La loi du 29 juillet 1881, qui
a garanti la liberté de la presse, a également instauré des
sanctions pénales en cas d'accusation mensongère ou d'incitation
au crime. Si elle n'a pas empêché la publication des accusations
mensongères contre le capitaine Dreyfus, elle a fixé des règles
contre les menteurs invétérés. Plus tard, les photos et les
enregistrements audio et vidéos ont pu attester la réalité des
informations publiées. Mais aujourd'hui, l'intelligence
articielle (IA), qui permet de produire des mensonges très
réalistes, nous ramène avant 1881, quand il était difficile de
savoir si un texte imprimé disait la vérité. Cet article se
termine par des conseils pour vérifier la crédibilité des
sources d'information.
Le développement de la presse, qui a révolutionné la vie
politique et l'ensemble de la société, ne s'est pas fait en un
jour, mais petit à petit grâce à l'amélioration des techniques
d'impression, à l'alphabétisation de la population, et à des lois
qui l'ont autorisée. Ainsi la Déclaration des droits de l'homme et
du citoyen de 1789 stipule à son article 11 que “tout citoyen peut donc parler,
écrire, imprimer librement,
sauf à répondre de l'abus de cette liberté dans les cas
déterminés par la loi”. Il y a eu des reculs, comme son
interdiction sous la dictature de Napoléon, mais la presse s'est à
nouveau développée avec le retour de la démocratie.

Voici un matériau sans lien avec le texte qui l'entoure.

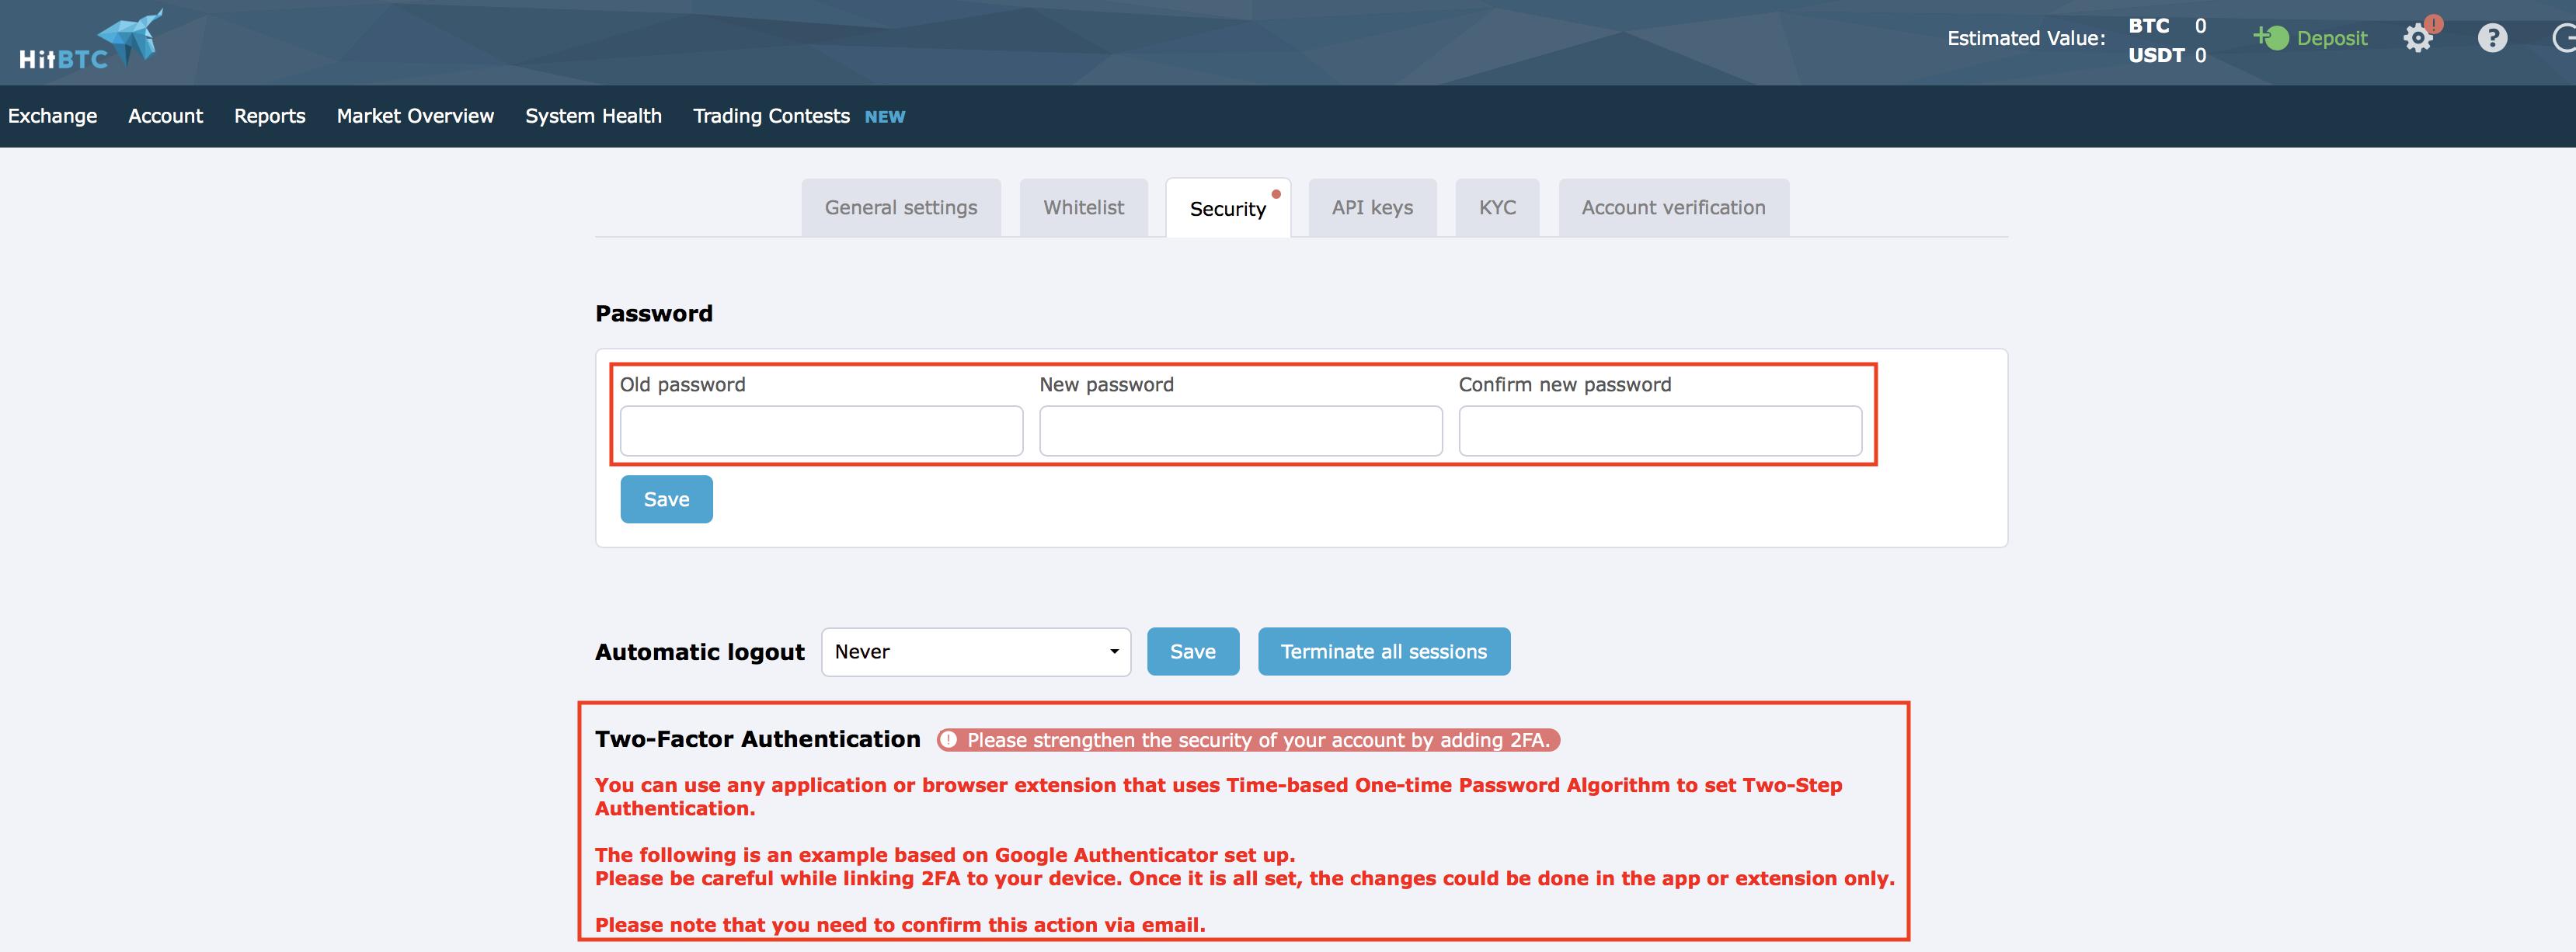 HitBTC 2 factor authentication

Mais aussi rejouissant que soit la prolifération de nouveaux
journaux, elle s'est accompagnée de nouveaux problèmes:
accusations mensongères contre des personnes, articles faisant la
promotion de médicaments miracles (inefficaces ou dangereux),
journaux servant les intérêts d'un industriel ou d'un marchand
d'armes, etc.
La loi du 29 juillet 1881 a commencé à apporter des réponses
juridiques:
Depuis, de nombreux autres droits ont été garantis à la presse,
comme la protection des sources des journalistes (dans la
Convention européenne des droits de l'homme, signée en 1950 et
applicable depuis 1953), ou le droit de critiquer le Président de
la République (en 2013, suite à une décision de la CEDH). De
nouvelles règles sont également apparues, comme l'encadrement de
la publicité, ou l'interdiction des publicités mensongères.
La confiance relative que l'on pouvait avoir dans une information
qu'on a “lue dans le journal”
ou “vue à la télé”,
s'est progressivement effritée avec la multiplication des sources
et des canaux de diffusion de l'information, principalement via
internet, que ce soit sur des sites web ou des applications pour
smartphones.
Donald Trump a été l'un des premiers à promouvoir ouvertement la
diffusion de mensonges, qualifiés par euphémisme de “faits alternatifs”, tout en
niant les vérités les plus incontestables qu'il appelle “fake news”
(pseudo-information). Aujourd'hui, c'est ce type de diffusion
massive de mensonges que l'on appelle “fake-news”.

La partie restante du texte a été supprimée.